The head of the Iranian Armed Forces was killed as a result of this attack and the market was rattled by the possibility that the military conflict in the region could be aggravated by these events.
Most crypto assets experienced a significant drop alongside Ethereum. Bitcoin (BTC) and Solana (SOL) have gone down by 1.8% and 7.8% respectively in the past day as well while XRP (XRP) has booked a 3% loss.
Crypto liquidations have neared the $1 billion mark in the past 24 hours as a result of this decline, with Ethereum currently accounting for roughly a quarter of that total.
Meanwhile, ETH trading volumes during this period have gone up by 55% and currently sit at nearly $40 billion, accounting for 14% of the token’s total circulating supply. This is a huge volume spike and one that suggests that selling pressure has accelerated.
This amount of liquidation has prompted a long squeeze that has probably contributed to push trading volumes higher as a significant number of stop orders for ETH – an asset that had been performing quite well in the past month or so – were triggered amid the decline.
We recently shared a price prediction that anticipated a big surge to $4,100 for ETH as long as it consolidated a bullish breakout above the $2,750 level.
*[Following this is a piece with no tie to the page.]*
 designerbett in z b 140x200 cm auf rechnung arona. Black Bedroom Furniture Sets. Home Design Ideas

The token rose above that marker four days ago but was met by significant selling volumes, partially amid failed negotiations between the U.S. and China on the trade front after a week of discussions and now due to this military development in the Middle East.
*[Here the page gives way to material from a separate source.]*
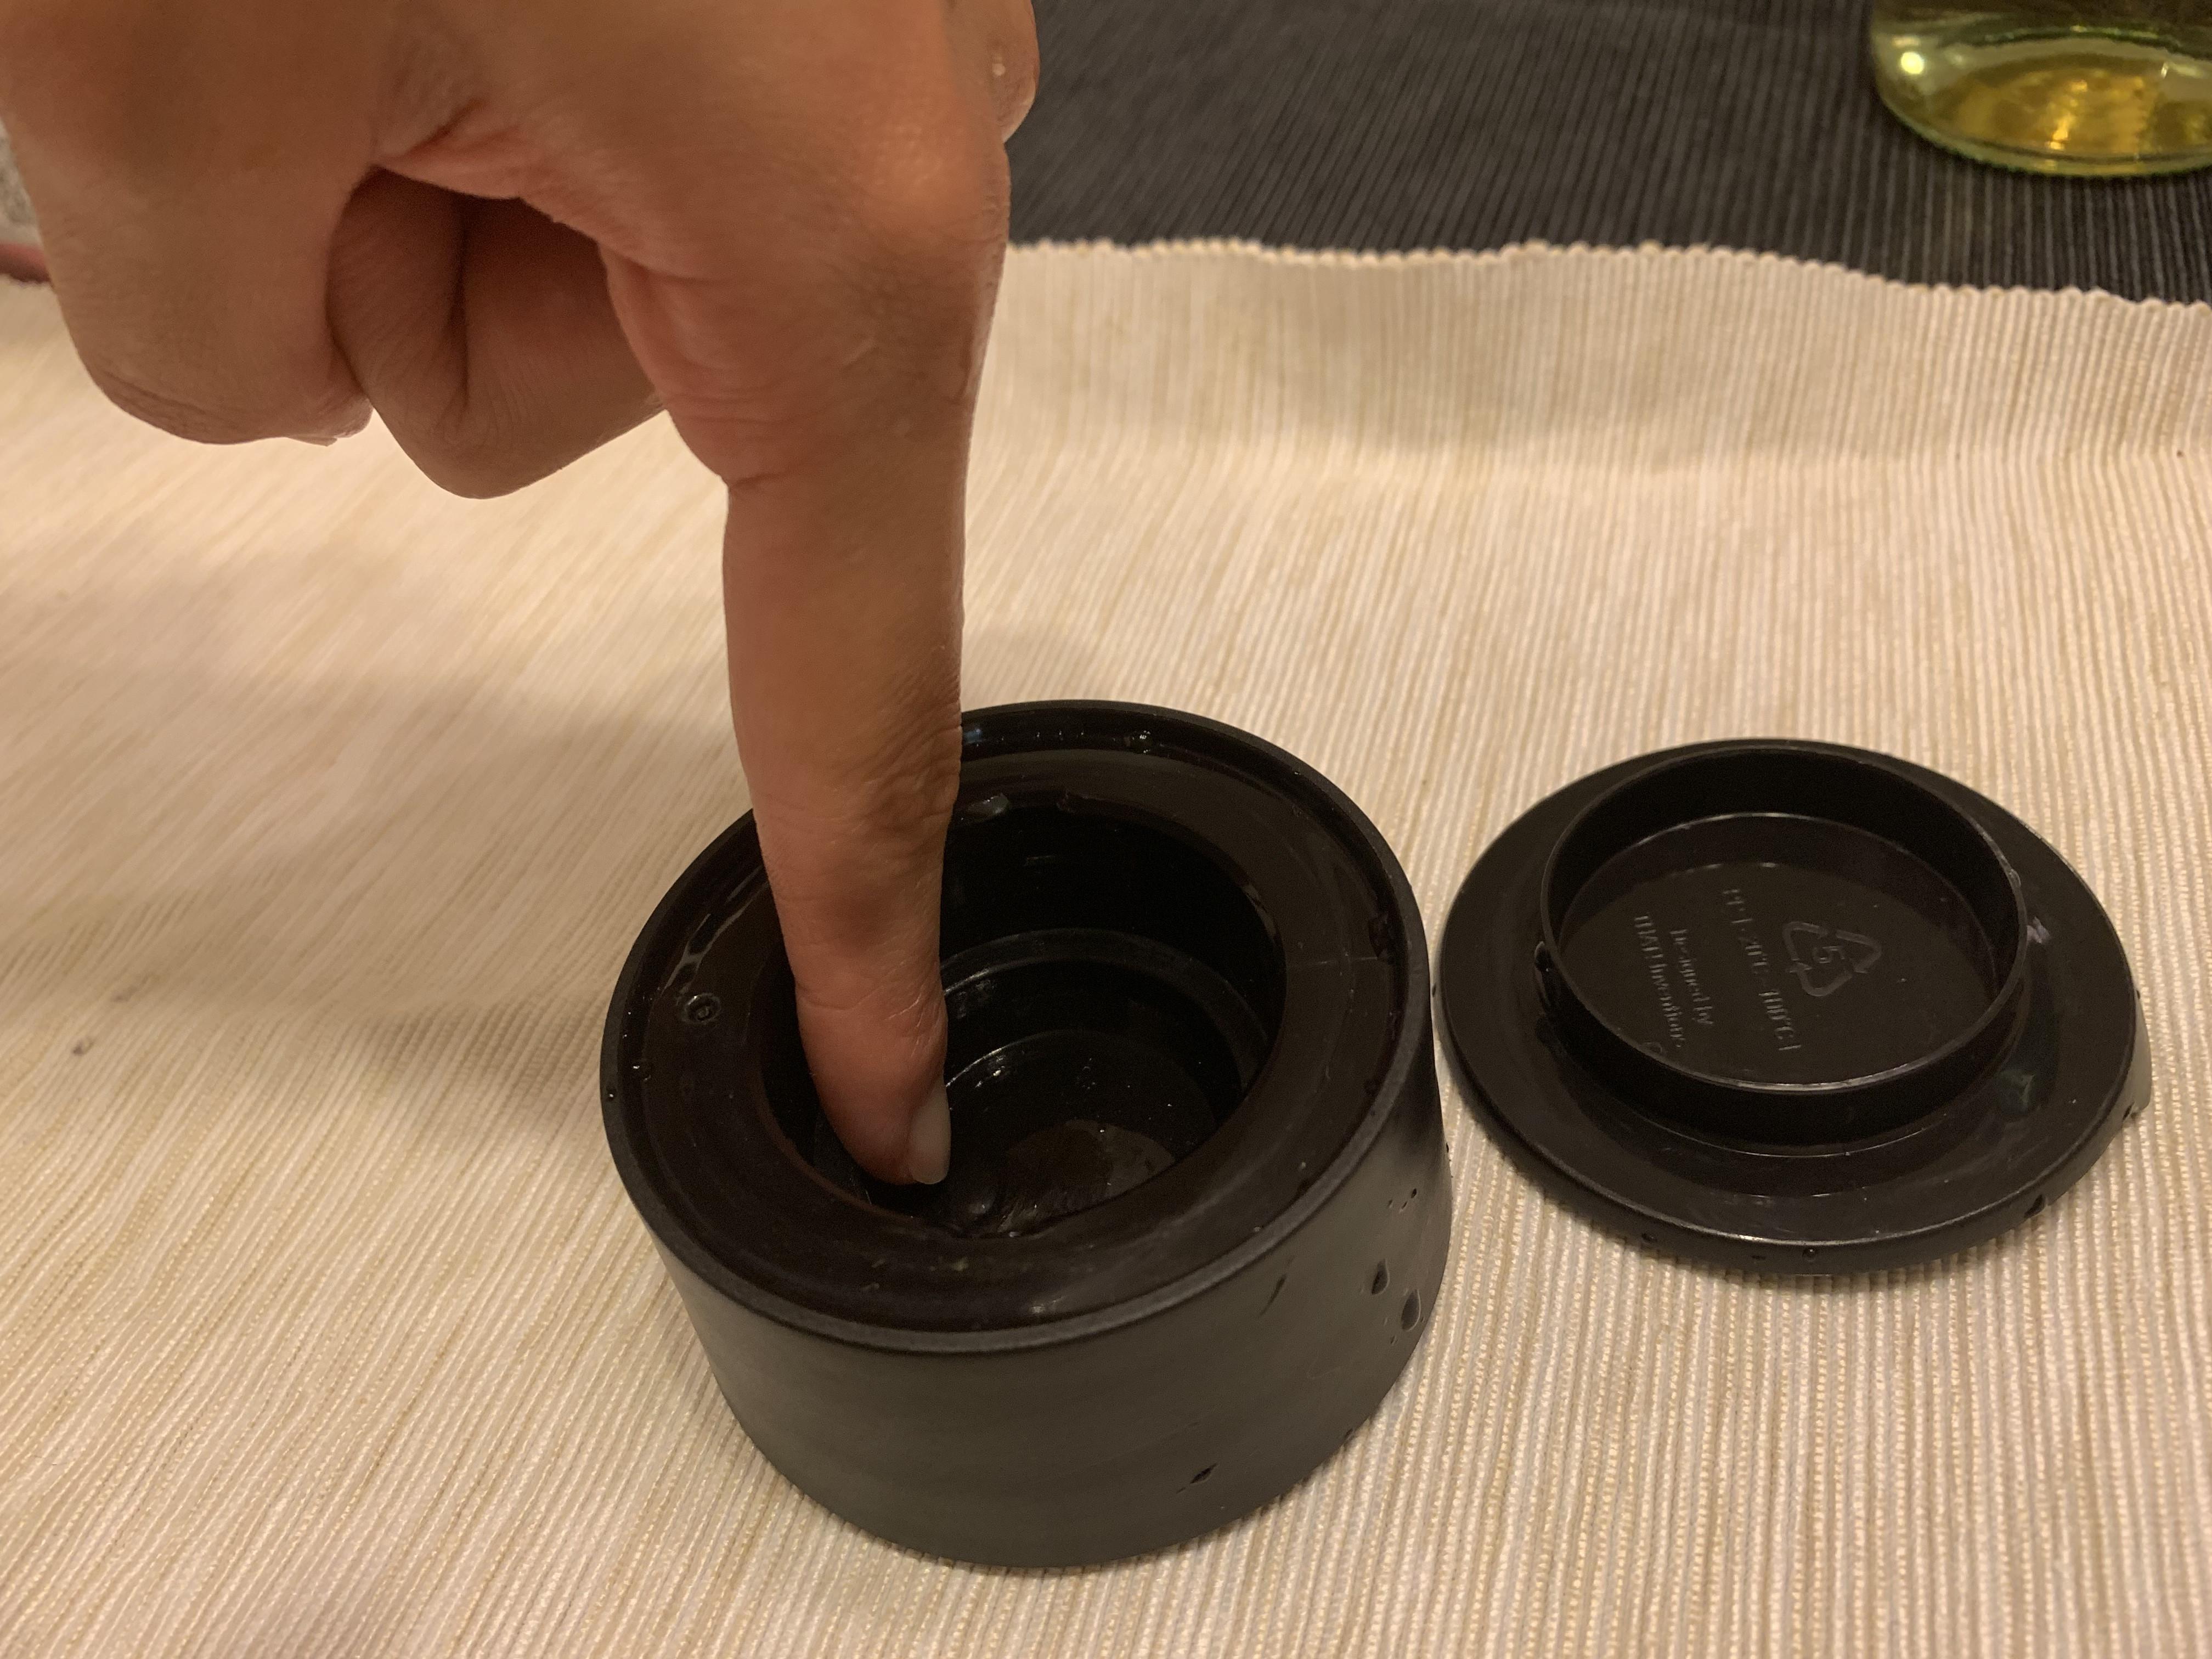 奇享杯-史無前例的完美保溫琺瑯杯的第 3 張圖片

Our $4,000 prediction is based on a cup and handle pattern that has been forming for months in the daily chart and that could produce an estimated gain of 50% as long as the price breaks out above that $2,750 resistance.
Although it appears that the pattern has been invalidated after a failed breakout, that will only be the case if it drops below $2,300. In that case, the handle will no longer be such a thing.
This kind of movement is not uncommon in patterns that promise huge upside potential and around key resistances and they typically signal that the market is in a phase of accumulation ahead of what participants believe could be a significant move.
The 9-day and 21-day exponential moving averages (EMAs) favor a bullish outlook at the moment after they posted a ‘golden cross’ upon surging above the 200-day EMA
Heading to a lower time frame to have a closer look at this zone, we can see how the market has bounced off the $2,300 – $2,400 mark two times already.
This is a zone where there has been some strong buying interest and could be where the market is heading now to find the necessary liquidity for its next leg up.
If buying pressure is strong enough, this could trigger ETH’s next move to retest the $2,750 resistance.